I guess with today's multi-core CPUs, it wasn't thought to be worthwhile, but it could still come in handy for resource-constrained systems like the Pi.
I share your sentiment regarding Mosix. I don't think however, that clustering SBCs is of any value beyond the learning experience. Even a moderately powerful laptop is much faster than a *Pi, e.g. a 2013 Chromebook Pixel is about 16 times faster than a Banana Pi, when measured using `openssl speed`.
It depends when you're trying to do with them, but the network speed of the Pi is definitely a bottleneck for me. If it weren't for that, the throughput could definitely be used for some cool stuff even with modest CPU/RAM.
Unless you are running 3B+ pis, the firmware code for pxe booting has several bugs. Also, Pis have issues with retransmission of DHCP requests on low end network hardware that doesn't set link up fast enough to hear the Pis intial dhcp request. Almost all of these bugs are fixed one way or another at this point though, the github issue tracker for raspberrypi/piserver and friends has lots of info.
If you are using (two) DHCP servers in "proxy" mode as suggested in the official tutorial, it indeed is extremely unreliable. I think the firmware just does not accept the PXE-containing response if it arrives second or something.
Neat! I built something like this long ago (https://clustercompute.com/) to digitize a very large number of CDs for a Dutch broadcasting corporation. If I were to tackle that project today this is probably how I would do it.
Wouldn't doing something like this with FPGAs be ultimately cheaper and more efficient. Sure, it will have a big overhead to learn, build and set up your FPGAs specifically for your problem, but that seems like a constant time overhead?
Given what the article says about k8s not working so well in the RPi's 1GB of RAM, is there another cheap ARM SOC that has more RAM available that could work similarly?
RK3328: Pine64's ROCK64 comes in 2GB and 4GB of RAM
(also the RK3399 based ROCKPro64 is even more awesome, bigger form factor, but two A72 cores for actually good performance! Oh and some other manufacturers even made RK3399 based RPi-sized boards!)

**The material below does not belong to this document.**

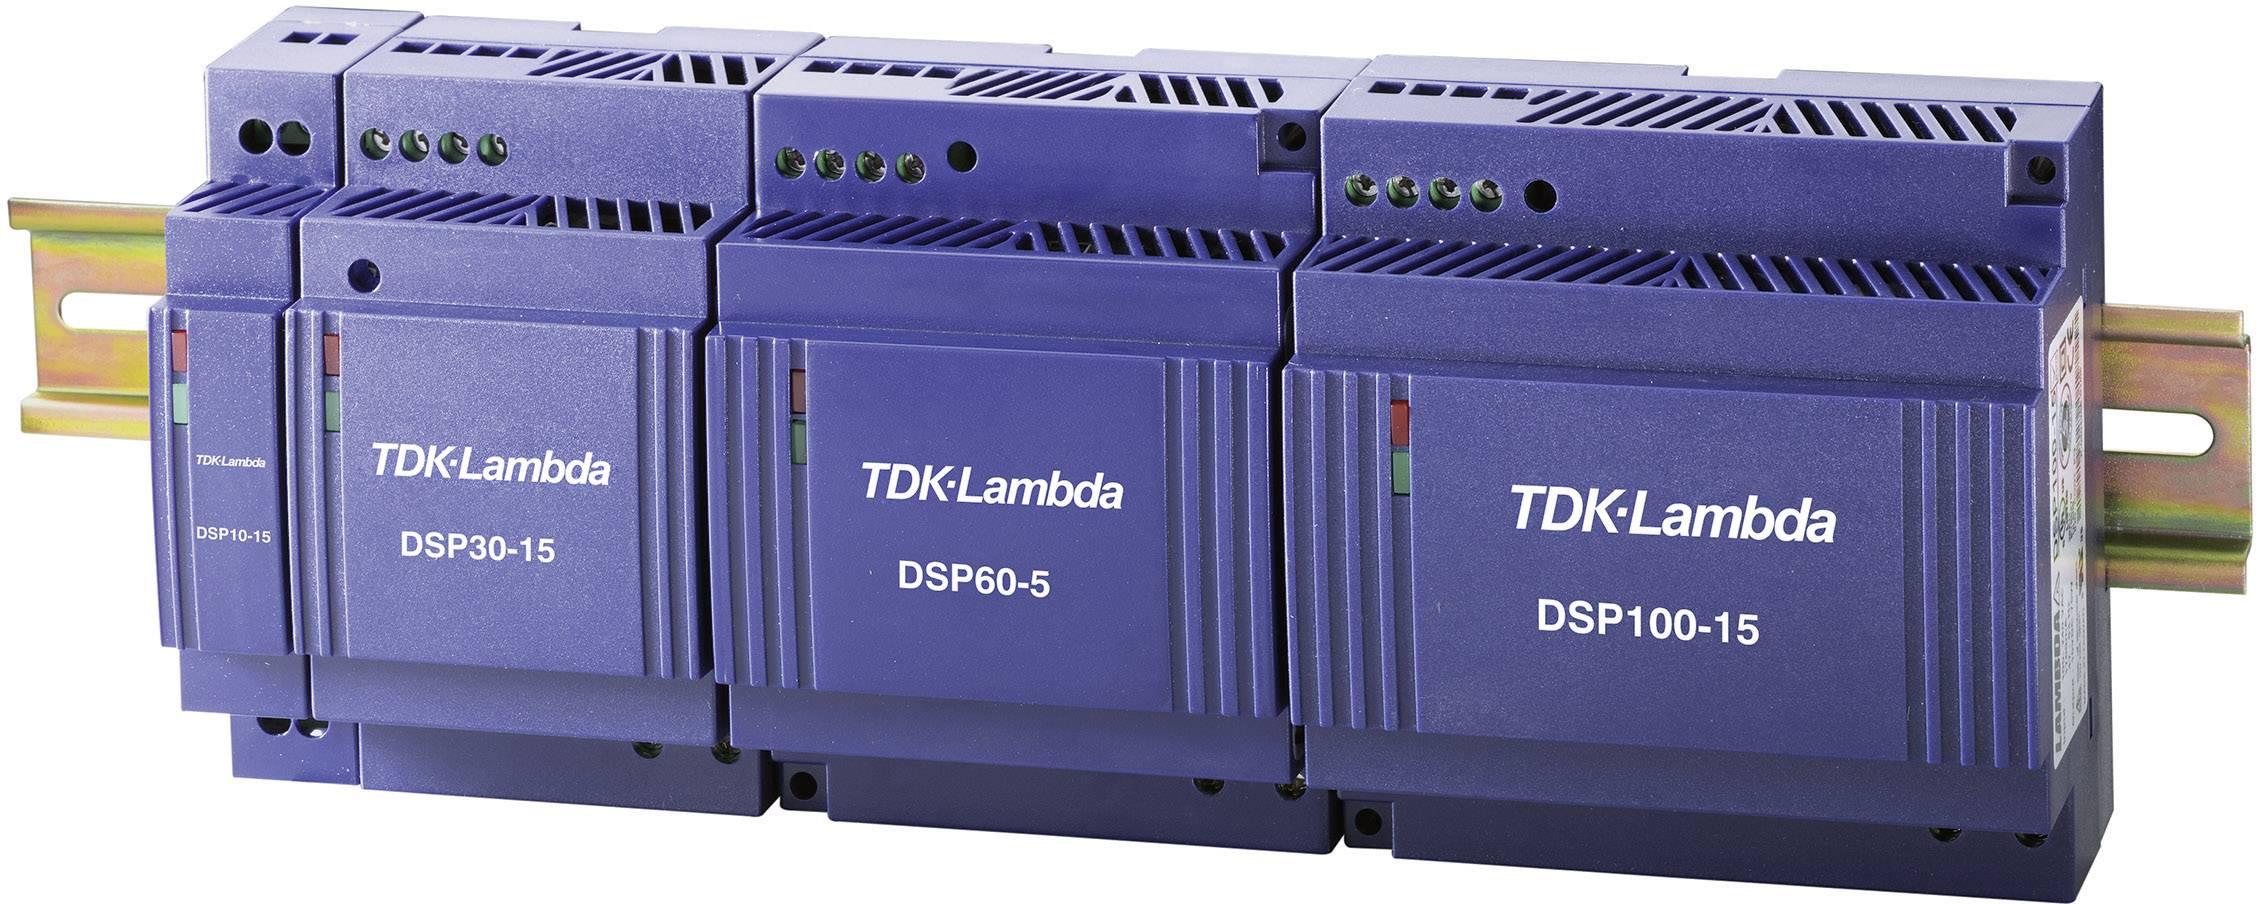 Sieťový zdroj na montážnu lištu (DIN lištu) TDK-Lambda DSP-10-5, 1 x, 5 V/DC, 1.5 A, 7.5 W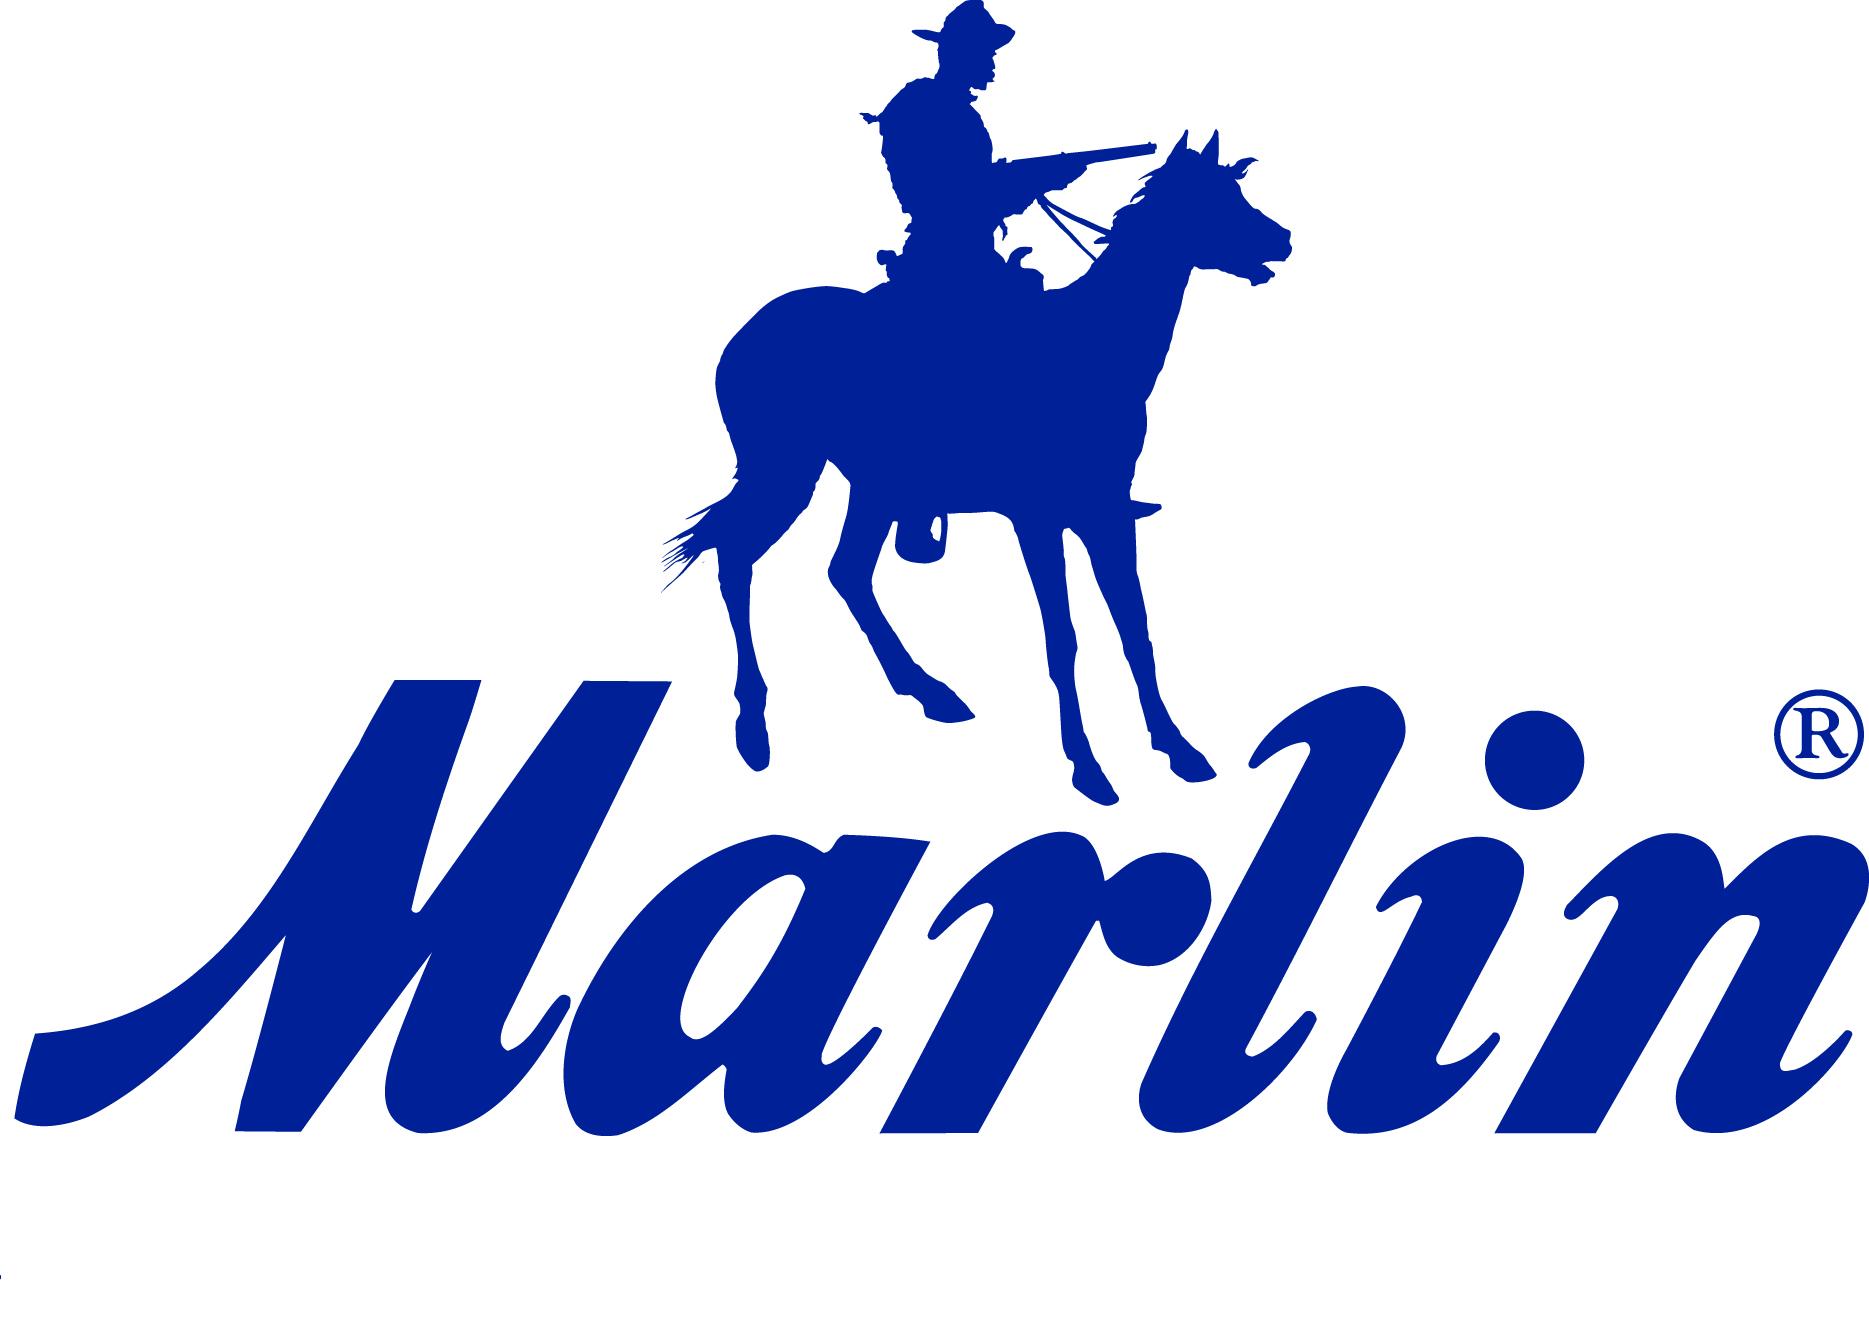 49 Marlin Firearms Wallpaper On Wallpapersafari

I'm really grateful to Alex Ellis for his gist[0] to install kubernetes on RPis. I built my own 4 nodes cluster following this gist. It's been great to get my hands dirty with kubernetes
That being said, I had to buy an Asus Tinkerboard with 2GB RAM to serve as the cluster master because 1GB RAM was a bit short. My master node went below 100MB of free RAM and pod evictions (of kube-system pods) started to happen. If I were to do it again, I think I would use only Tinkerboards just for the convenience of having the same OS/hardware on each node.
That means you'll want to choose a platform that's very well supported by its parent company if you don't want to get stuck on an obsolete kernel in a year.
Hardkernel, who design and produce popular ARM SoCs, chose to produce x86 based platforms in the future for this reason.